Ecologische waterkwaliteitsdoelen

Bescherming en verbetering van de chemische en ecologische waterkwaliteit is een belangrijk doel van het waterbeheer. Diverse wetten, besluiten en regelingen, zoals de Waterwet en het Besluit kwaliteitseisen en monitoring water 2009 (Bkmw 2009), bevatten bepalingen om dit doel te bereiken. De eisen vloeien voort uit diverse Europese richtlijnen. Denk hierbij aan de Kaderrichtlijn Water, de Richtlijn Prioritaire Stoffen en de Grondwaterrichtlijn.

In het Bkmw 2009 zijn milieukwaliteitseisen opgenomen waaraan de kwaliteit van het water in Nederland moet voldoen. Deze doelen zijn voor oppervlaktewaterlichamen onderverdeeld in het behalen van een goede ecologische toestand en een goede chemische toestand. Het gaat hierbij om in het Nationaal of Regionaal Waterplan aangewezen oppervlaktewaterlichamen.

Goede ecologische toestand (GET)

Wetenschappelijke normen bepalen de goede ecologische toestand per watertype. Daarbij houdt men geen rekening met maatschappelijke afwegingen. De bijlage bij de Regeling monitoring bevat milieukwaliteitseisen voor chemische stoffen. Deze milieukwaliteitseisen geven aan wanneer een oppervlaktewaterlichaam in de goede ecologische toestand verkeert. Er zijn een groot aantal bestaande stofnormen opgenomen voor overige relevante stoffen. Dit zijn de oude normen van de Richtlijn Gevaarlijke Stoffen, die eerder waren vastgelegd in de Regeling gevaarlijke stoffen oppervlaktewateren.

In het rapport "Referenties en maatlatten voor natuurlijke watertypen voor de Kaderrichtlijn Water" staan de wetenschappelijke normen voor de biologische elementen van de goede ecologische toestand. Per type oppervlaktewaterlichaam zijn deze biologische (niet-chemische) elementen opgenomen. Het STOWA-rapport bevat indicatoren, die aangeven wanneer is voldaan aan de milieukwaliteitseisen voor de goede ecologische toestand van oppervlaktewateren. Het gaat dan om indicatoren voor de biologische kwaliteitselementen (vissen, waterplanten, bodemleven en algen).

Goed ecologisch potentieel (GEP)

Voor kunstmatige en sterk veranderde oppervlaktewaterlichamen kan een goed ecologisch potentieel worden afgeleid. De milieukwaliteitseisen van het GEP kunnen afwijken van de GET, omdat ze rekening houden met de onomkeerbare hydromorfologische ingrepen die in deze waterlichamen zijn gedaan.

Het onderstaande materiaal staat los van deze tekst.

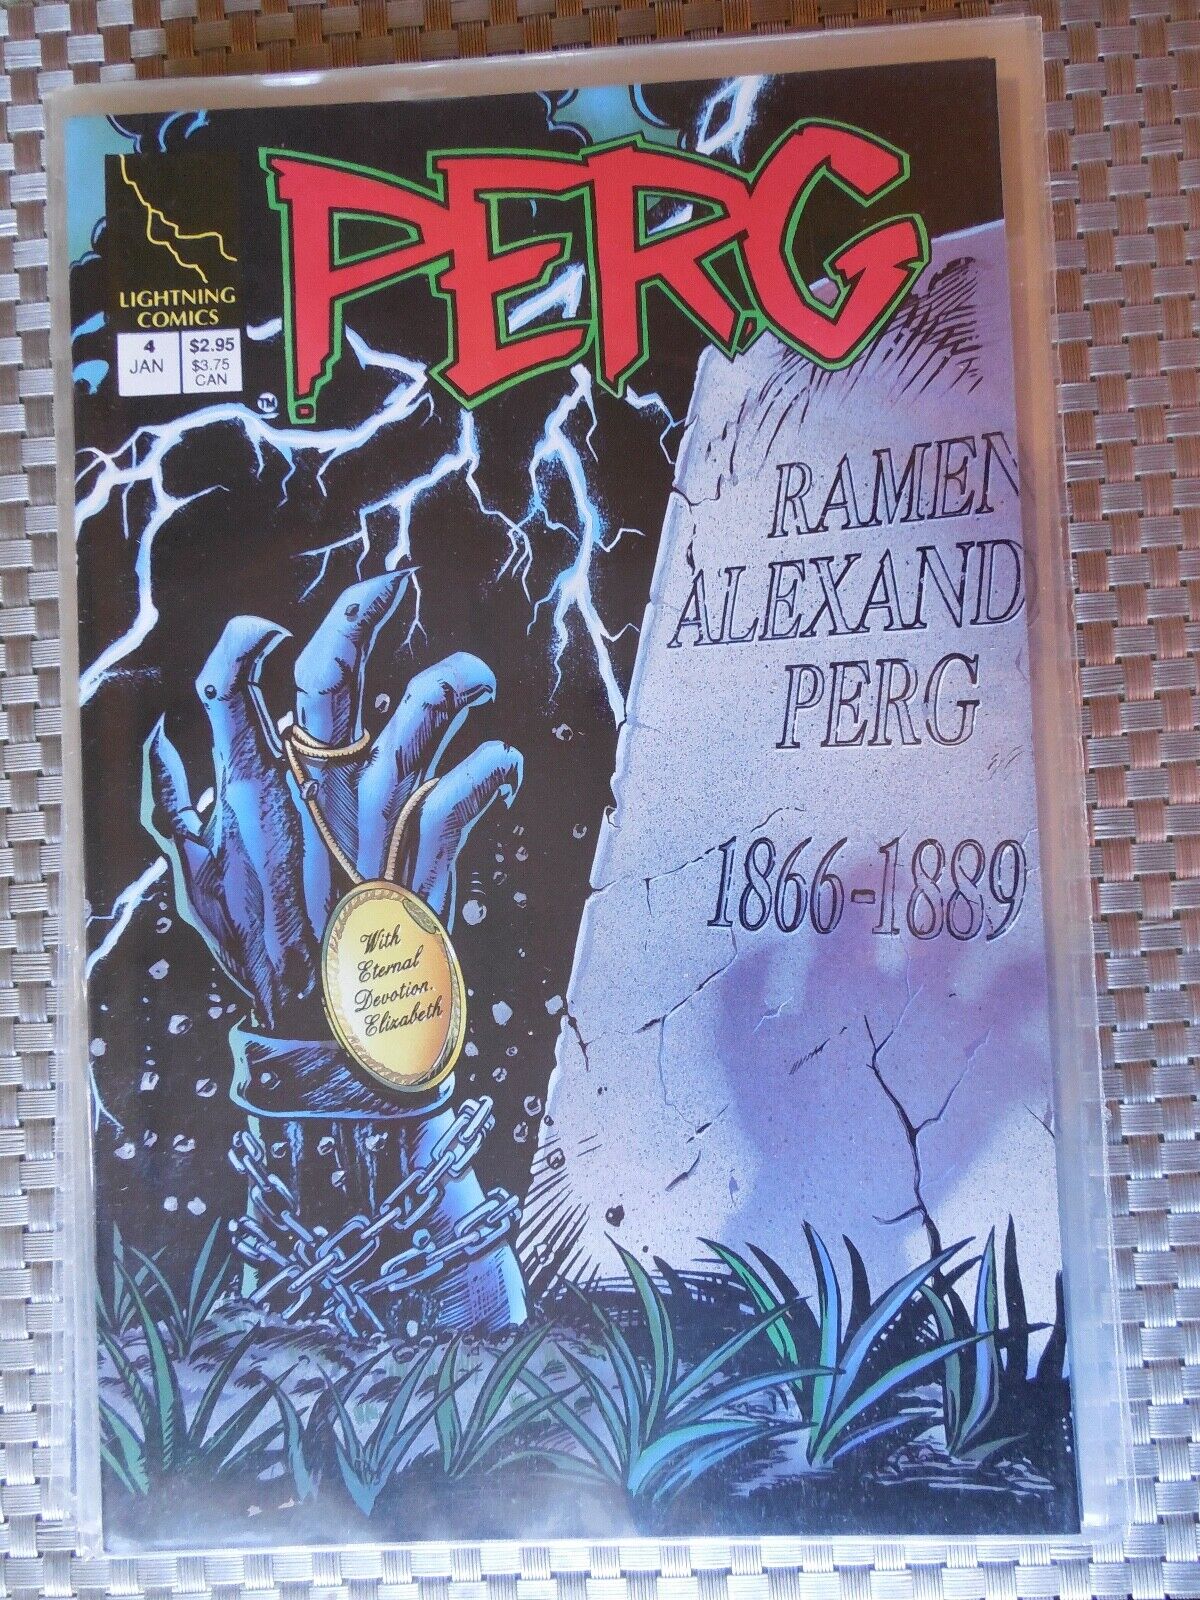 PERG #4 Lightning Comics| I combine shipping

Het GEP wordt afgeleid op basis van de milieukwaliteitseisen voor de goede ecologische toestand van het meest gelijkende natuurlijke watertype. Het Beheer- en Ontwikkelplan voor de rijkswateren (BPRW) 2016-2021 bevat voor rijkswateren het goed ecologisch potentieel per waterlichaam en de onderbouwing daarvan. Voor regionale wateren is dit gebeurd in de regionale waterplannen van de provincies. De handleidingen voor de afleiding van het GEP die van 2005 tot 2018 zijn gebruikt:

Vanaf 2018 wordt de Handreiking Krw-doelen gebruikt.

Fasering of doelverlaging

De KRW biedt uitzonderingsmogelijkheden, zoals fasering (later halen) van de doelen (naar 2021 of 2027) of doelverlaging. In de waterplannen wordt voor elk waterlichaam aangegeven of (en zo ja, waarom) er gebruik wordt gemaakt van één van de uitzonderingsmogelijkheden. Voor rijkswateren is dit gebeurd in het BPRW 2016-2021. Voor regionale wateren in de regionale waterplannen van de provincies.